Одним из таких образов, в различных вариантах повторяющихся в фильме, является праздник Нового Года, который в своих основаниях, может быть, забытых, занесенных цивилизационными наслоениями, но все же — на бессознательном уровне, имплицитно — продолжающих существовать, представляет собой символ обновления, рождения «мира». Время «точит» сущие, «изнашивается» само, и «мир» утрачивает былое совершенство и изначальную целостность, поэтому «начало» с неизбежностью предполагает «конец», завершение «старого». Новый Год как раз и создает остановку в течении времени и череде будничных происшествий, когда Вселенная воз-рождается в своем первозданном виде: сложности, раз-личенности «миров» и сущих (люди, боги, предки, звери и т.д.) и, вместе с тем, — в своей целостности, связанности всего со всем священными узами (символически воплощаемой в хороводе-маскараде вокруг елки или застолье). Это — праздник, когда мы можем услышать, воспринять «полифоническое» звучание «мира», и распознать и осознать свое уникальное звучание и значение в этом «многоголосье». На протяжении фильма «Синяя чайка» празднование Нового Года появляется на экране трижды: Новый Год, когда мы видим, судя по всему, только что поженившихся Катю и Дениса (1999 г.), празднование Нового — 2011 — Года, где Денис отвечает на вопросы, которые, с его слов, «заставляют человека оторваться от своей текучей жизни и подумать о чем-то вечном…», и Новый — 2019 — Год, когда уже готовая к изменениям в своей жизни Катя загадывает желание с уверенностью, что оно обязательно сбудется. Примечательно, что именно в связи с празднованием Катей и ее семьей Нового Года в фильме впервые сополагаются, наслаиваются друг на друга прошлое и настоящее — рассказ Кати о прежней семейной жизни становится комментарием к видео, снятому Денисом, — что является залогом духовной трансформации героини, ее «настроя» и «мелоса» существования.

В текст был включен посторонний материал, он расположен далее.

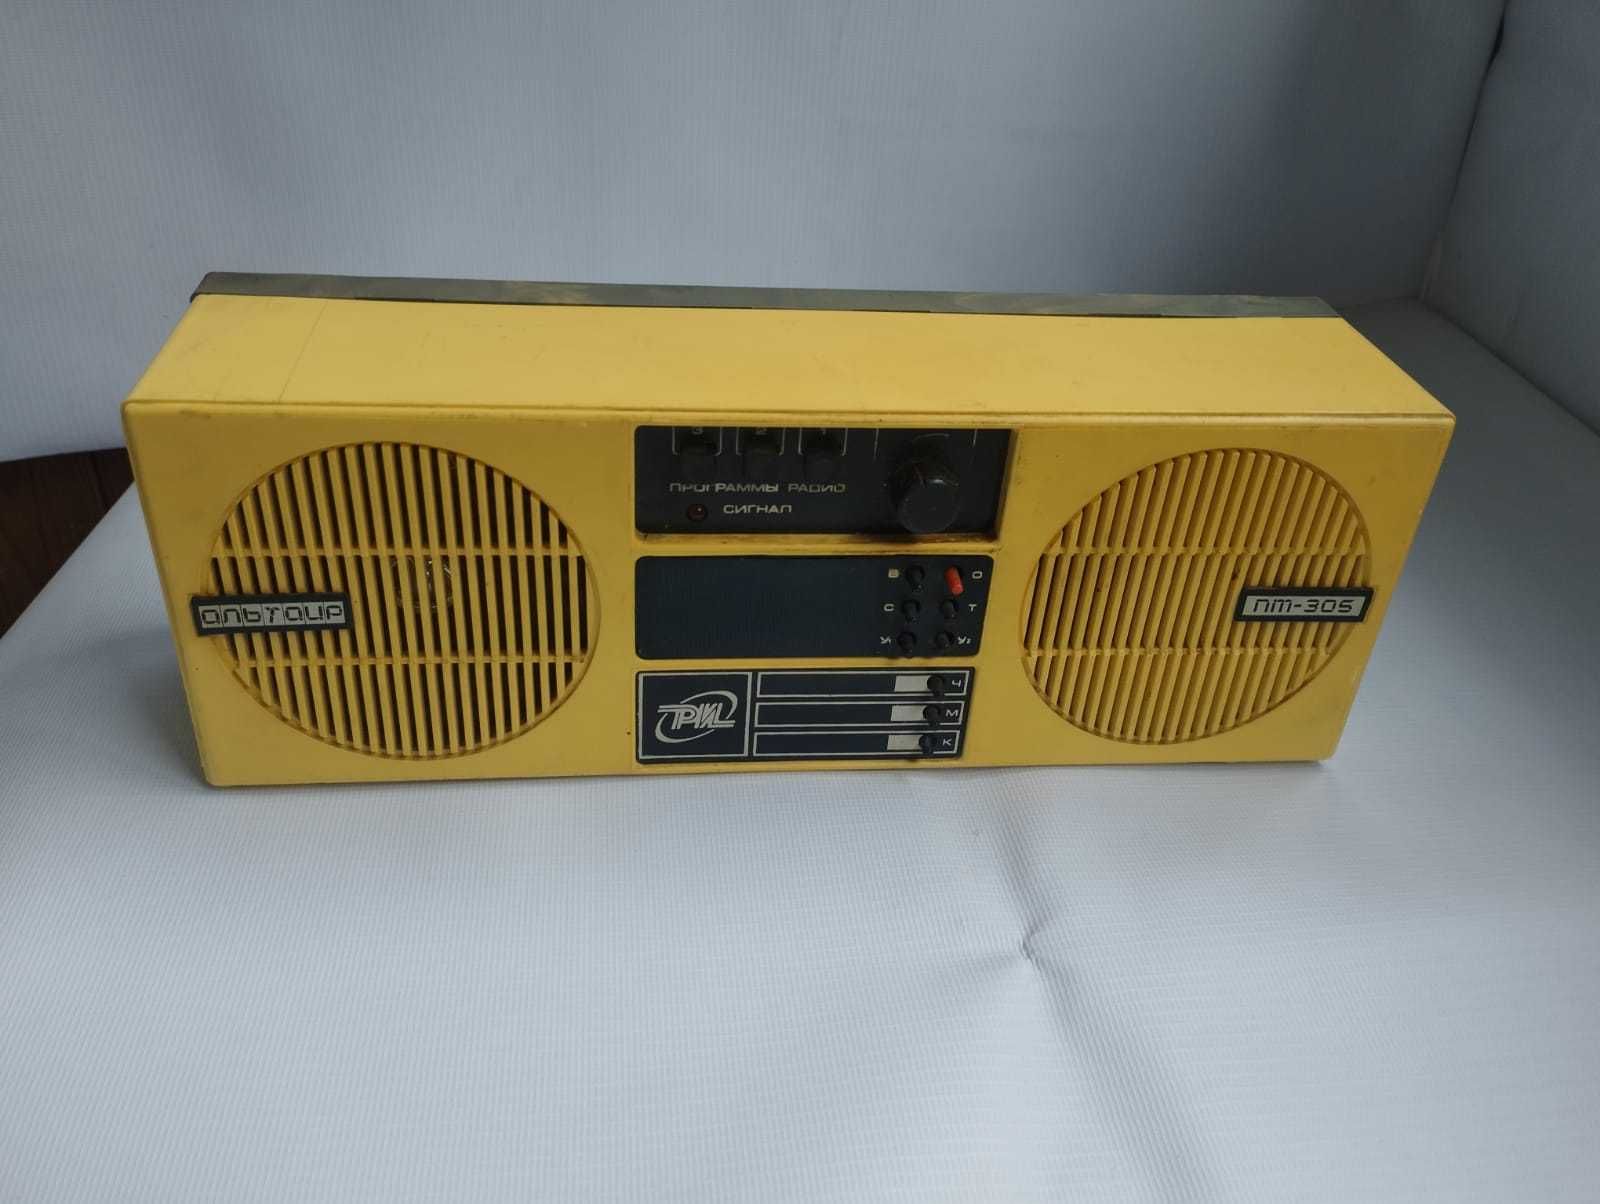 Радиоприемник трехпрограмный Альтаир ПТ-305 (1994 г.) c радиоточкой.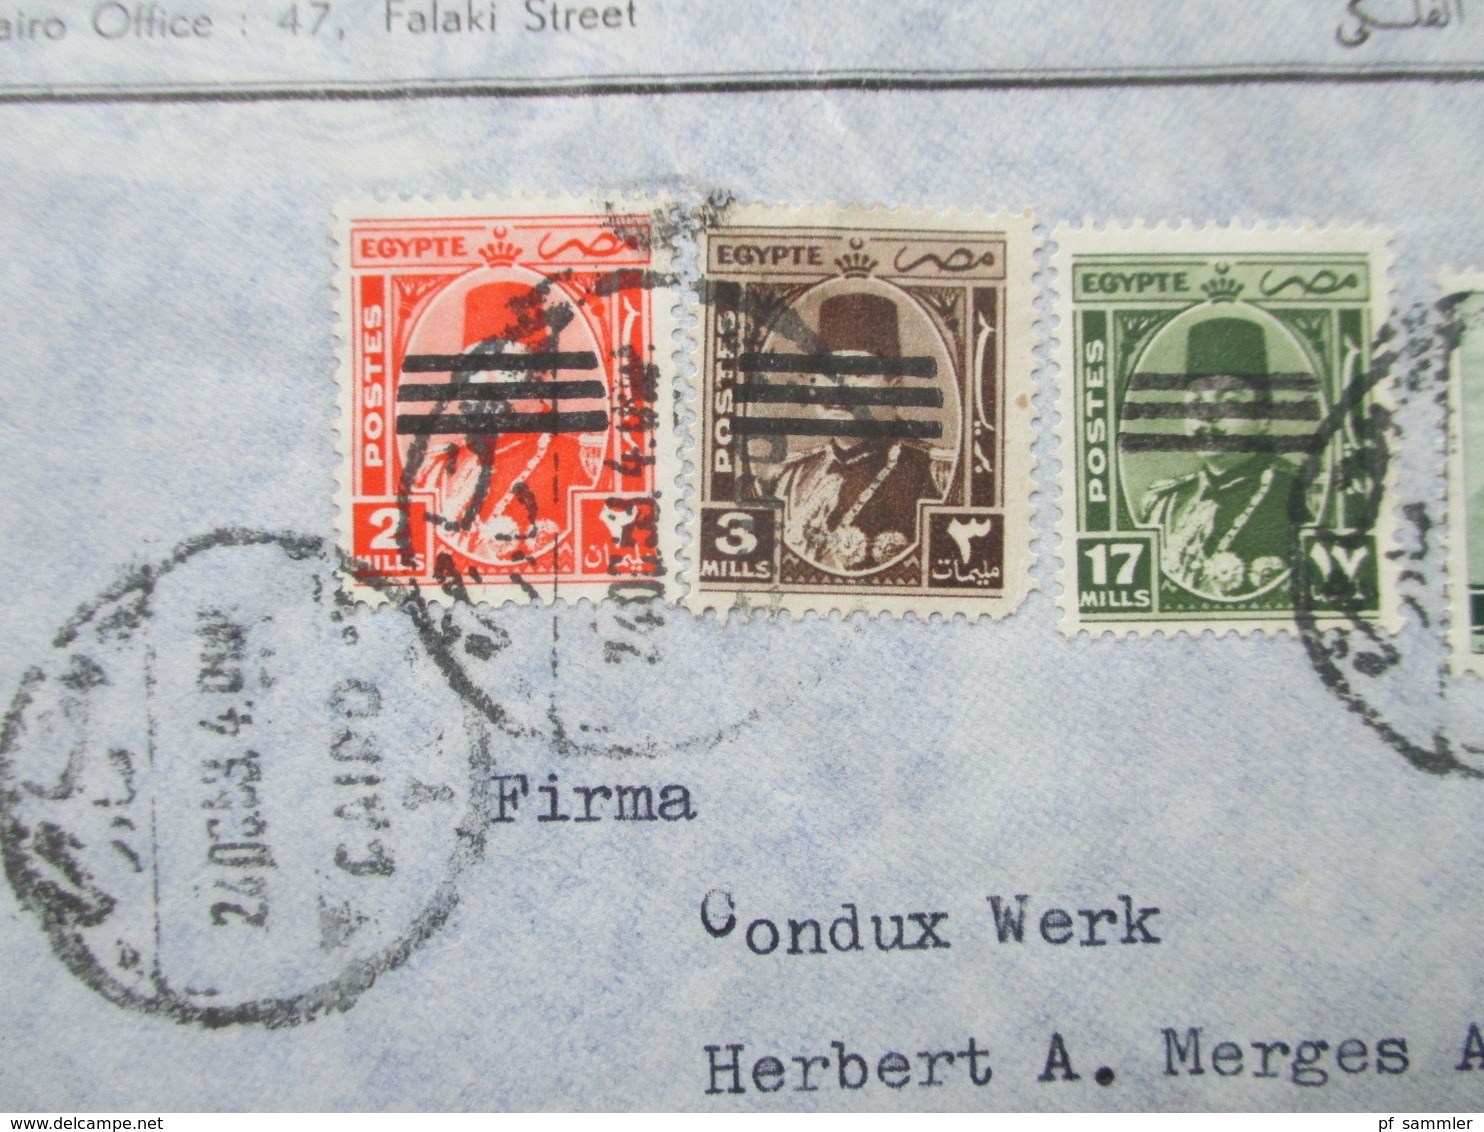 Ägypten 1963 ?! Luftpost / Air Mail Absender Nour El Din & Först Cairo. Condux Werk Wolfgang Bei Hanau - Lettres & Documents

Еще один образ, повторяющийся в фильме, — вода в ее различных воплощениях, которая издревле понималась не только как жидкая материя, наделенная определенными свойствам, но, прежде всего, — имела сакрально-символическое значение. Как и символ Нового Года, символ воды несет в себе смыслы, в том числе, и противоположные: c одной стороны, вода в мифопоэтическом и религиозном аспекте всегда связана с опасностью, со смертью; c другой, — с воскресением к новой жизни, возрождением, но возрождением — в более совершенном качестве. Однако «вода» является не только символом статичных состояний «жизни» и «смерти», но и символом перехода из одного «мира» — в другой (стоит вспомнить реку «Стикс» в античной мифологии, например), из одного состояния — в другое (как в христианском обряде Крещения); вообще, — символом гибкости, изменчивости «мира», а также открытости к внутренним преобразованиям человеческого существа (ведь, как перефразирует Платон Гераклита, «всё течёт, словно река», «всё находится в пути»). Кстати сказать, именно с омовением водой, дождем ассоциируют свое состояние после просмотра фильма «Синяя чайка» некоторые зрители.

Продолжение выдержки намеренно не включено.